Yoksa bir yel mi esti Kâzime yönünden;
Yoksa Eden Dağı’nın üstünde, kapkaranlık gecede
Şimşek mi çaktı?..
Gözlerine ne oldu ki, “dur ağlama” desen çoşar ırmak olur;
Ya kalbine ne dersin, “yetiş huzur” dedikçe artar acısı gamı..
Aşk gizli kalır mı kimseden, niçin aldatır kendini insan?
Gönül yanıp dururken, gözden akarken çeşme gibi gözyaşı..
Aşk olmasaydı döker miydin gözyaşını böyle taze toprağa?..
Gözün uykudan kaçar mıydı, andığında Ban Ağacını, Alem Dağını..
Âşık inkar etse ne çıkar, gerçek şahitler var:
Yaşa batık gözler, sararmış yüz, zayıf ten ve göz çukurları…
Aşktan değil de neden bu peki, bir yanağında kırmızı gül;
Bir yanağında sarı gül döküntüsü, izi;
Kızılırmak, Yeşilırmak yatağı..
Evet, yârin hayali gelip beni birden uyandırdı;
Sevgi, zaten gelir gamlarla, mahveder vücut hazlarını..
Aşkım sebebiyle bana dil uzatan, utanır mıydın ki bilseydin,
Yanık aşklarıyla meşhur Özr oymağı gençlerinden daha mazurum, beterim hakçası…
Gizlenir gibi değil ki bu sır, işte sen de öğrendin;
Şimdi, de diyeceğini, kat by derde bir dert de sen..
Zaten yok sonu yok başı..
Öğüdünü esirgemedin sağol benden ama;
Tutamadım onları, çünkü tutuktur zaten sevenin kulakları..
Yaşlı adama, ağarmış saça, utanmadan; “yalan söylüyorsun” dedim..
Nasıl inkâr, itham edilebilir oysa, ağaran saçın beyazlığı?..
Günaha batık nefs, öğüt mü dinler!
Kendi karanlığına gömülmüş ak saç, nasıl ışıtsın bu karanlığı?..

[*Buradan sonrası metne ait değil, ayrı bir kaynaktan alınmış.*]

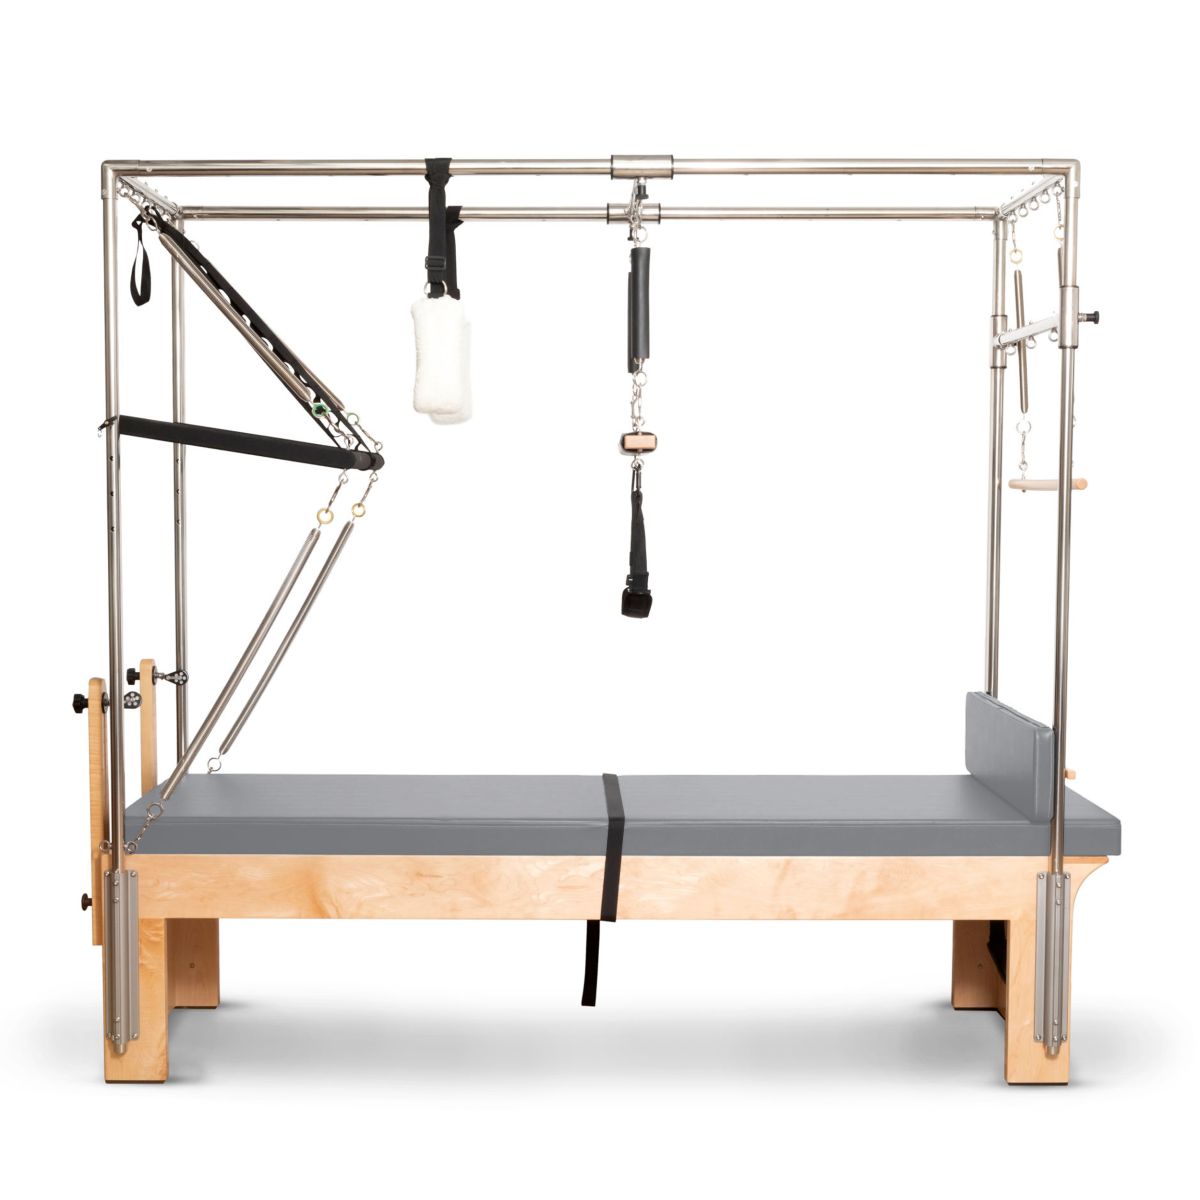 Pilates Machines for sale in Cadillac, Michigan, Facebook Marketplace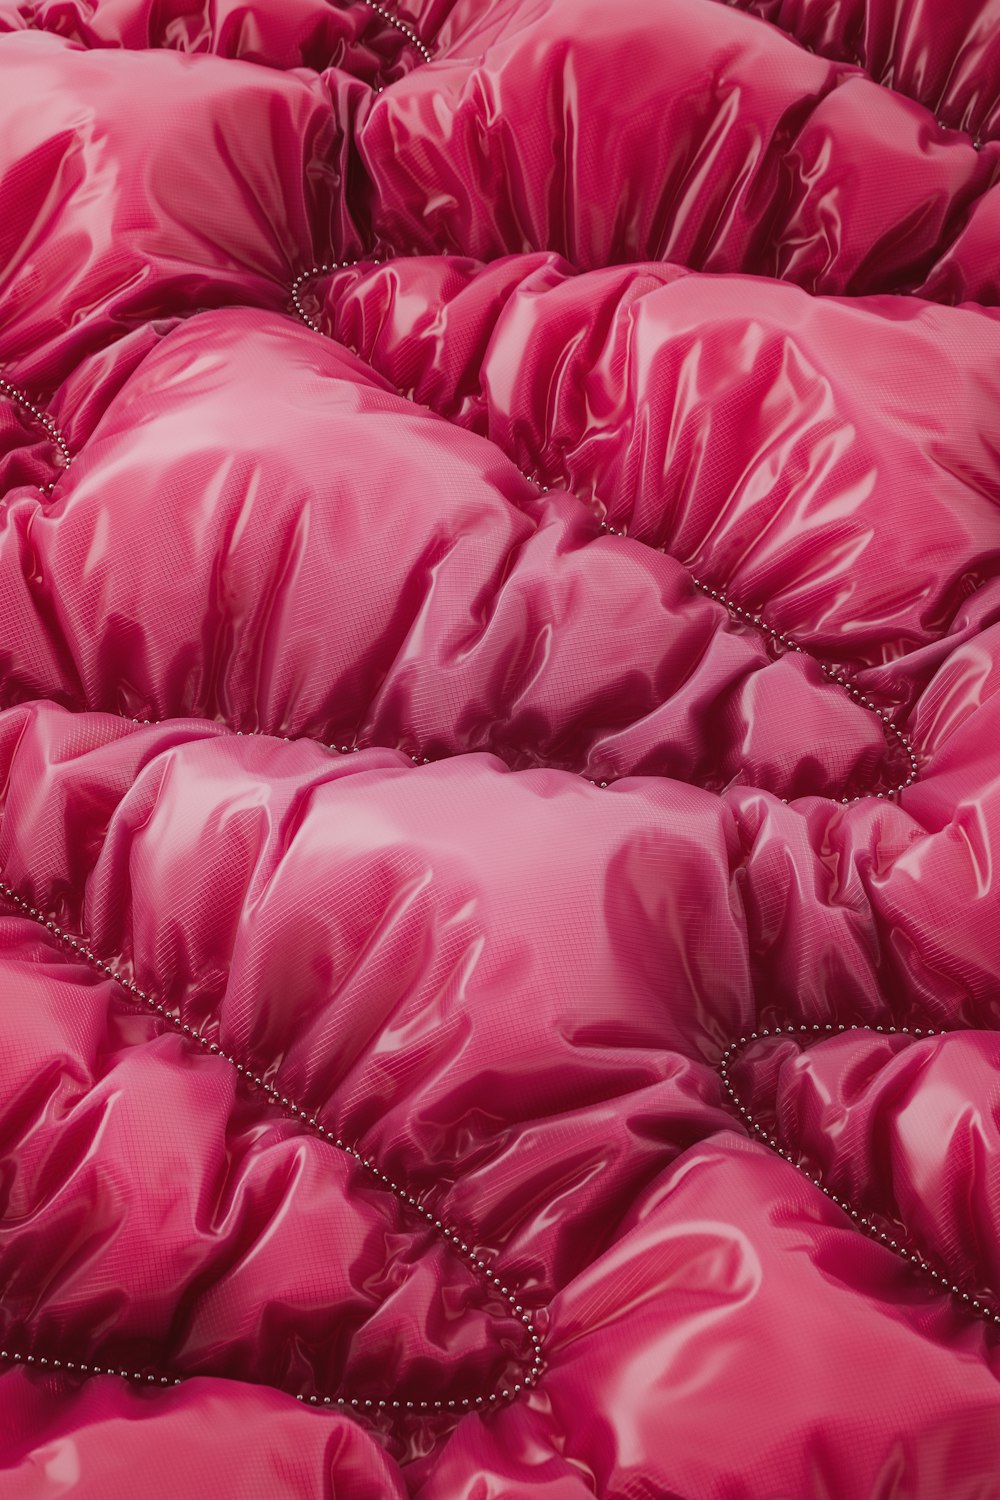 a close up of a pink comforter on a bed

Güzel fiillerle bir şölen hazırlayamadı nefsim;
Misafirse sessiz, ihtişamsız apak çıkageldi, karşılayan bile olmadı..
Bilseydim ki, yok bende bir karşılama gücü bile,
Siyaha boyadığım bir panonun ardına saklardım kendimi ve bu sırrı..
Kim çeker benim nefsimi bu hoyratlık alanından?..
Çılgın atları zaptedip dört döndüren süvariler gibi tıpkı..
Günah işleye işleye günahı bitireyim dersin belki içinden..
Boş hayal! Yemek vücudu arttırır, günah da günahı…
Nefs memedeki çocuktur, vaktinde kesmezsen sütten,
Koca adam olur da, hâlâ emzik ister, arar sütü mamayı..
Nefsine sen hâkim ol! O olmasın sana hâkim;
Çünkü nefs neye hâkim olursa, onu ya öldürür, ya soldurur hâsılı..
Nefs sürüsü bırakırsan yayılır her yöne; görmeli gözetmeli;
Otu çok tatlı gelen yaylalara yaymazlar koyunları..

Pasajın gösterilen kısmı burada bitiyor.